27.3.1. Automounting Filesystems

An automounter is a system that automatically mounts disks on demand. It can mount any kind of filesystem that mount can mount, as long as there is no interactive authentication. The handiest property of an automounter is that it is dynamic. If you make an update of the configuration, it's ready to mount at once.

Linux supports an automounter called autofs that is inspired by a Solaris utility of the same name. autofs is configured by two kinds of files.

The master map (usually /etc/auto.master) defines which mount points should be governed by autofs. Each mount point again has an automount map associated with it. The maps are usually stored in files called /etc/auto .mount_point. autofs can store the maps in NIS and LDAP as well as in flat files. We'll concentrate here on flat files. Consider the following /etc/auto.master file:

 # Format of this file: # mountpoint map options # For details of the format look at autofs(8). /misc   /etc/auto.misc  --timeout=15 /home   /etc/auto.home 

The contents of /etc/auto.misc are:

 usbdisk         -fstype=vfat,umask=0,dotsOK=yes :/dev/sda1 cdrom           -fstype=iso9660                 :/dev/cdrom 

This will mount a USB memory stick or disk that appears as /dev/sda1 and the CD-ROM. All the user has to do is insert the CD and issue cd /misc/cdrom; there is no need for a mount command. Due to the --timeout=15 option, the mount will disappear after 15 seconds of disuse. Quite convenient on end user machines.

How this works is that when a user attempts to access /misc/something, or anything underneath it, something is looked up in the automount map, and if it comes up with a match, the indicated device is mounted with the indicated options. The syntax of the file is fairly trivial, looking generally like this:

 key           [options]          location 

The first column contains lookup keys, the directory names specified by users. The rest of each line is the matching value. Any mount options must come first and be prefixed by a hyphen (-).

After looking up cdrom in our previous example, we use -fstype=iso9660 :/dev/cdrom. The -fstype option is passed to mount as the filesystem type (mount -tfstype), while the other options are mount options (mount -ooptions). All the same mount options that were discussed in Chapter 6 can go here.

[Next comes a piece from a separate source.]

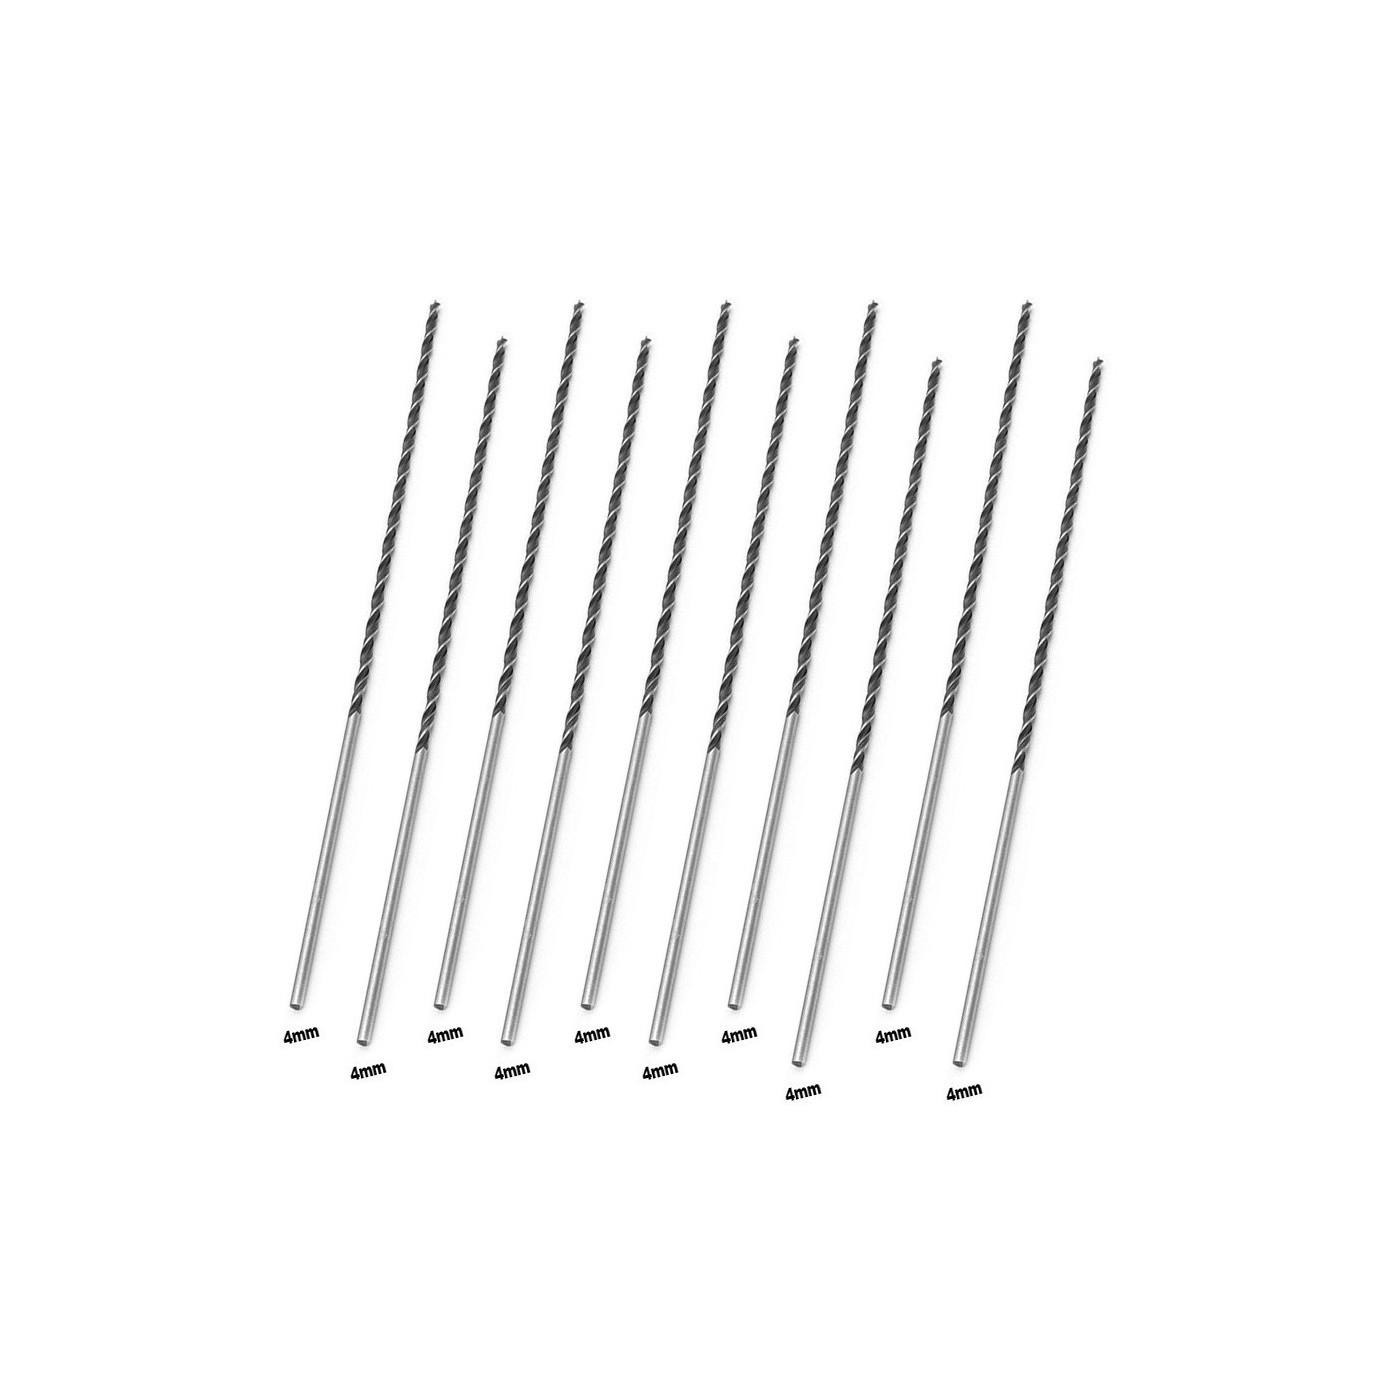 Juego de 10 brocas de madera extra largas (4x300 mm)  - 1

Any string containing a : specifies the thing to mount. If the colon is a prefix, as in the previous example, it's a local device. If something precedes the colon, the device is (by default) NFS-mounted. You can mount SMB/CIFS mounts by specifying something like this:

 windows         -fstype=smbfs           ://windows/c 

In a real environment, the main use of autofs is for NFS mounts. Home directories are a favorite example. The contents of /etc/auto.home could be:

 janl        -rw,intr,hard           server:/server/bighome/& killroy     -rw,intr,hard           server:/server/bighome/& *           -rw,intr,hard           server:/server/homes/& 

Here you see that /home/janl is mounted from server:/server/bighome/janl. You may recognize the use of the ampersand (&) from sed; it means to put the string that was matched (i.e., the whole key) in the place of the ampersand. This comes in very handy with the wildcard mount. Whenever a home directory other than janl or killroy is requested, it matches the last line and therefore mounts the corresponding directory from server:/server/homes. For instance, requesting /home/silug results in an attempt to mount server:/server/homes/silug. The options shown are pretty common for NFS mounts.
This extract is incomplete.